N-1 (T, 3:30-5:00pm) Bayleys Baroney - ALL
Nordic Division Annual Meeting
Edith M. Matteson, administrator, ATA Nordic Division, Ballwin, Missouri

Agenda includes: 1) election of officers; 2) newsletter discussion, subscriptions?, advertising?; 3) Danish distance learning classes; 4) 1999 summer classes in Denmark; and 5) announcements, etc.

N-2 (S, 3:30-4:15pm) Leamington B - ALL
Translating Finnish>English for a Novel: Problems of Translation in the Creation of a Fictionalized Biography of Pentti Saarikoski

Douglas Robinson, professor of English, University of Mississippi, University, Mississippi

Most translation is done for a client of some sort, whether a direct client, an agency, or a publisher. Scholars writing in one language about a topic whose primary and/or secondary literature is entirely or largely in another language often do a great deal of translating as well, of a rather different sort. What happens, however, when one translates for a novel one is writing? What canons of acceptability or adequacy apply then? I am currently engaged in writing a fictionalized biography of the Finnish poet and translator Pentti Saarikoski (1937-1983), and am doing enormous quantities of translating in the process. The paper will deal in general with these problems, eliciting suggestions from the audience, and will present specific Finnish>English translation problems for audience discussion.

(S, 4:15-5:00pm) Leamington B - ALL
Markedness Insights from American English and British English Translations of the Finnish Seitsemän veljestä (Seven Brothers)

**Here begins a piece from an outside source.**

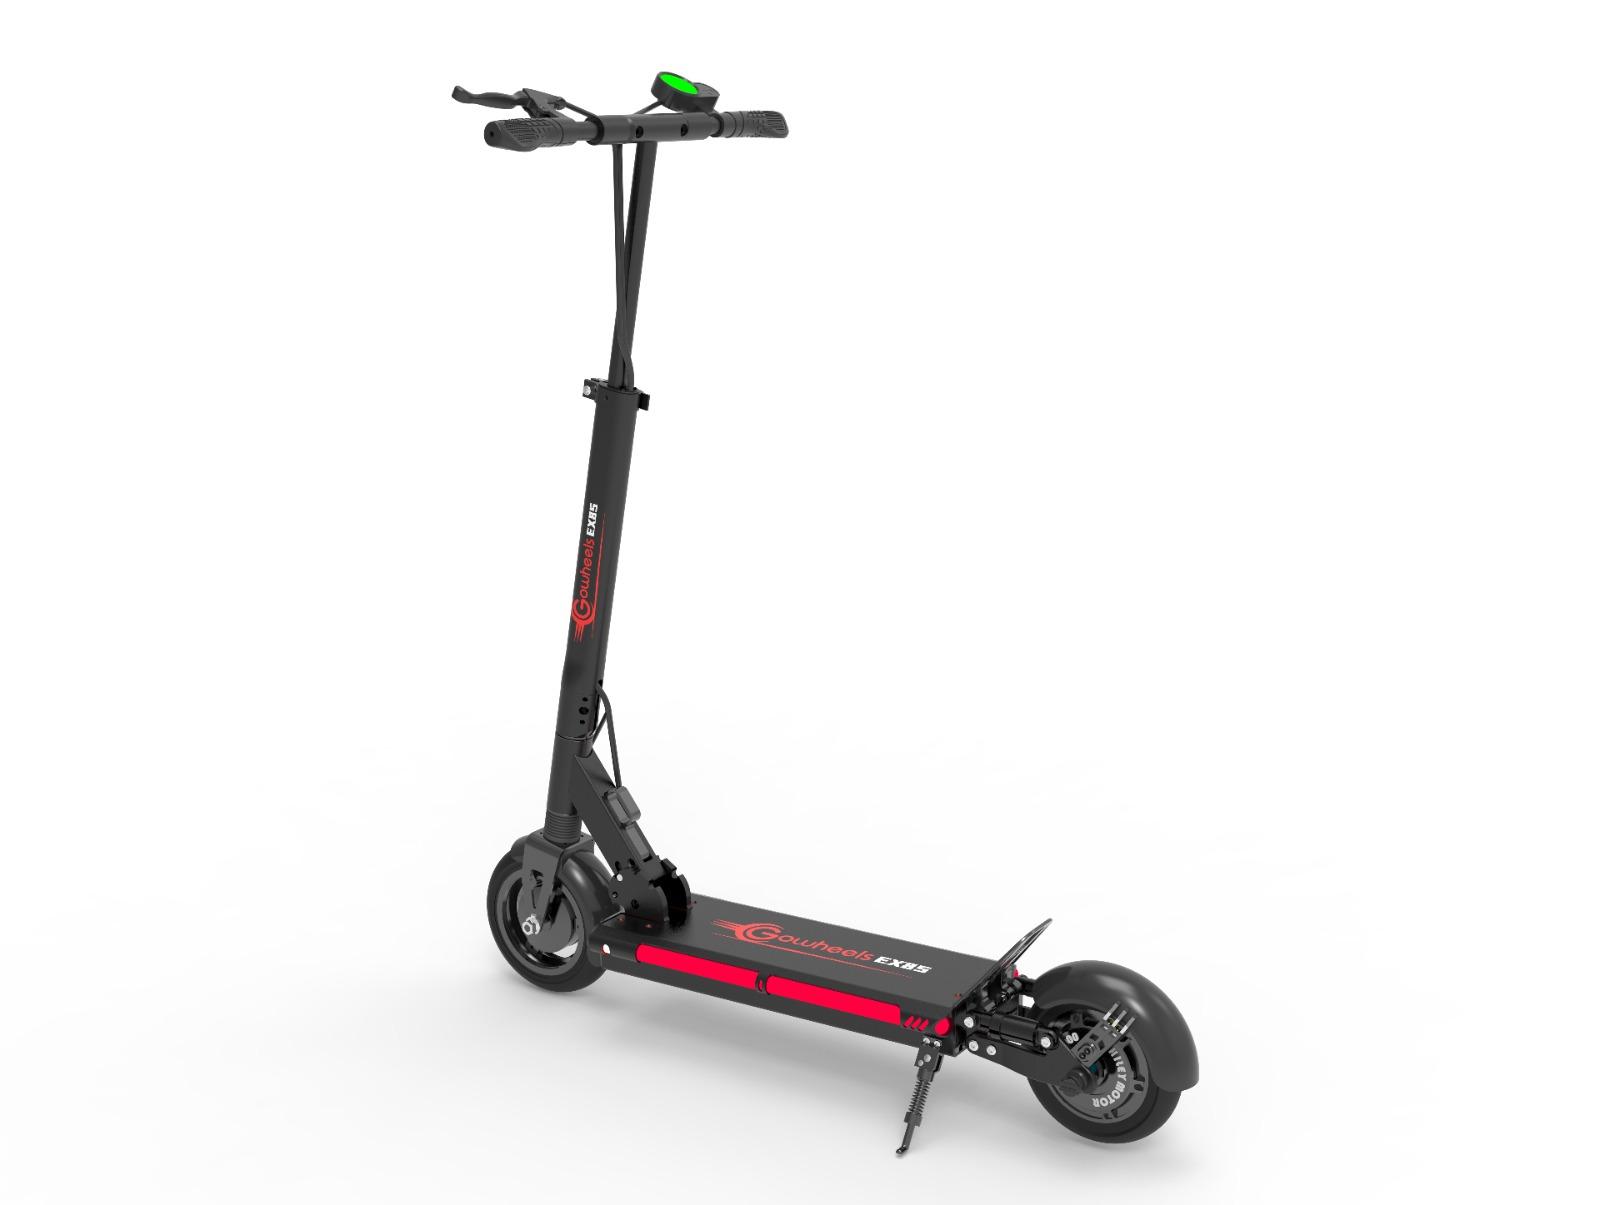 קורקינט חשמלי - Gowheels EX8S 48V

Melvin J. Luthy, professor of linguistics, Brigham Young University, Provo, Utah

A recently computerized version of the Finnish novel Seitsemän veljestä has expedited a study of how various forms of negation, including emphatic particles, tend to be translated into American English in contrast with British English. Although differing in degree, both translations tend to express some negative Finnish conjugations with positive conjugations in English. The reverse, i.e., translating a positive conjugation as negative one, never occurs. While some of these differences may be attributed to the translators' idiosyncracies, this paper claims that they are better explained by the linguistic concept of markedness, which also predicts similar changes in languages over time. Other related issues are treated.